Молодой человек вошел в огромную комнату — помещение троих сожителей. Она была разделена чем-то в роде арки, хотя собственно арки и не было, а просто с потолка спускалась какая-то стена, подпертая двумя столбами. Окна в комнате были на двух противоположных стенах, но и те и другие выходили в какие-то узенькие проулочки и упирались в стены. В левой половине помещалась одна кровать, в правой две. Набор мебели был самый разнообразный: несколько столов различных размеров и окраски; два деревянных стула, один более шикарный, но с прорванной плетенкой, просиженное кресло с торчащей очень явственно единственной пружиной, несколько табуретов; в углах чемоданы, у стены что-то среднее между комодом и шкафом. На одном столе небольшой самовар, с отлетевшим деревом на ручках и заткнутый вместо крышки скомканной бумагой, рядом с стаканами в мельхиоровых подстаканниках и с огромной, точно ведро, жестяной сахарницей, в которой однако сахару было не больше фунта и потому желающему предстояло запускать в нее руку по локоть. Тут же коробочка с кислотой, полученной из местной аптеки и долженствовавшей заменять лимон, и газета с разбитыми гильзами и табаком. Другой стол был забросан листами «Русского Инвалида»; сверху лежали две книжки «Собрания романов», «Записки охотника» Аксакова и огромная пачка «Иллюстрации». В той половине, где стояли две кровати, еще один стол был специально отдан под охотничьи принадлежности: тут лежал порох, солдатские патроны, пули, дробь с рассыпанными пистонами, изломанный ружейный замок, половина столового ножа без ручки, солдатская отвертка, два револьвера, стеариновый огарок, пулелейка, закопченая столовая ложка и т. п. Почти во всех углах ружья, сумки. Около каждой кровати по табурету, с вычищенным и аккуратно сложенным платьем.

Один из хозяев, уже наполовину одетый, сидел на кровати, откинувшись на подушки и перебирал какие-то казенные бумаги.
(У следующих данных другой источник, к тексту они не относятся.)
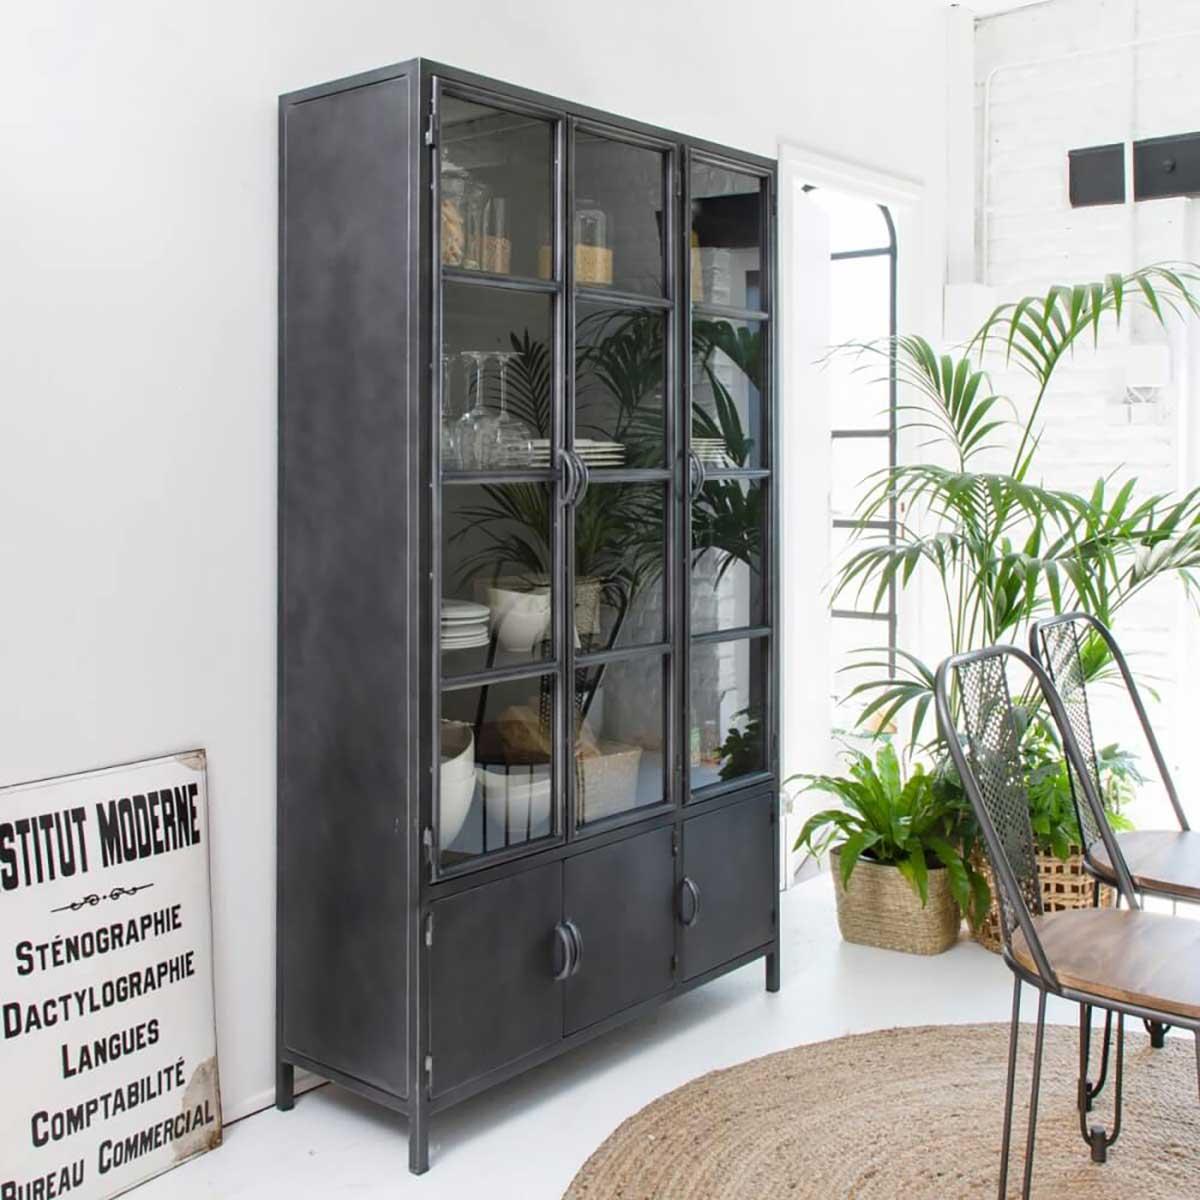 Vaisselier industriel : 18 meubles style vitrine en métal

Другой, еще не приступавший к туалету, в пальто вместо халата, тоже лежал на кровати, заложив руки под голову и что-то насвистывал в потолок. Третий, в широких кожаных чембарах, в высоких тяжелых сапогах и в жилете с светлыми пуговками, возился около охотничьего склада с зажженной свечой. [421]

Первым встретил гостя вылезший из под кровати пес — полулягаш и полупудель — и самым дружеским образом завилял хвостом, извиваясь около пришедшего знакомца.

— А, Ментор! здорово, здорово, дружище, — хлопнул его по курчавой спине вошедший. — Что это вы еще не вставали?

— Давно уж! Вот и самовар уже остыл.

Гость присел на первой кровати.

— Ну, что нового слышно?

— Да ничего, конечно. Вчера проиграл 3 руб. 40 в ералаш. Так не везло целый вечер — чёрт знает. А тут еще этот Казаков лапти плел!

— Да вы зачем сели с ним?

— Ну так вот подите-же! То есть, понятия ведь не имеет в игре: я с ним который уж раз плачусь. А у вас это что?

— Следственное дело, батинька. Так надоело — хоть бы скорее с рук долой.

— И не говорите: у меня их два лежит — не знаю когда соберусь кончить...

Говоривший поднялся и перешел к охотничьему столу.

— Ты что тут творишь, зверь? — спросил он товарища, который теперь был занят растапливанием в ложке какого-то снадобья на свечке. — Здравствуй! Что это у тебя?

— Здравствуй, ответил тот, не поворачивая головы, чтобы ложка не сошла с огня: вот сейчас увидишь новое изобретение — поражательный снаряд.

— Стеариновые пули? зачем?

— Ведь сказано — для поражения.

— Да кого? ворон что ли?

— А вот, именно для ворон.

— Что ты!? неужели убивает?

— Еще как!

— Ну, а вы что лежите? — кончил гость обход у третьей кровати.

— Да так, ничего, — ответил лежавший, пожимая ему руку: полеживаю вот. Садитесь, прибавил он, подвигаясь.

— Гость сел, ковырнул кипу «Иллюстрации», и стал смотреть картинку.

— О, да это старые!.. Что вы их читаете что ли?

— Нет, не читаю. Так лежат, всё не соберусь сдать их в библиотеку. Да, хотите Горохина покажу? — поднялся он и стал отыскивать картинку: вот. [422]

— В самом деле похож. А вот эта рожа, точно Сахариха... Они оба засмеялись. Нет, постойте, я помню тут была штучка... сейчас покажу.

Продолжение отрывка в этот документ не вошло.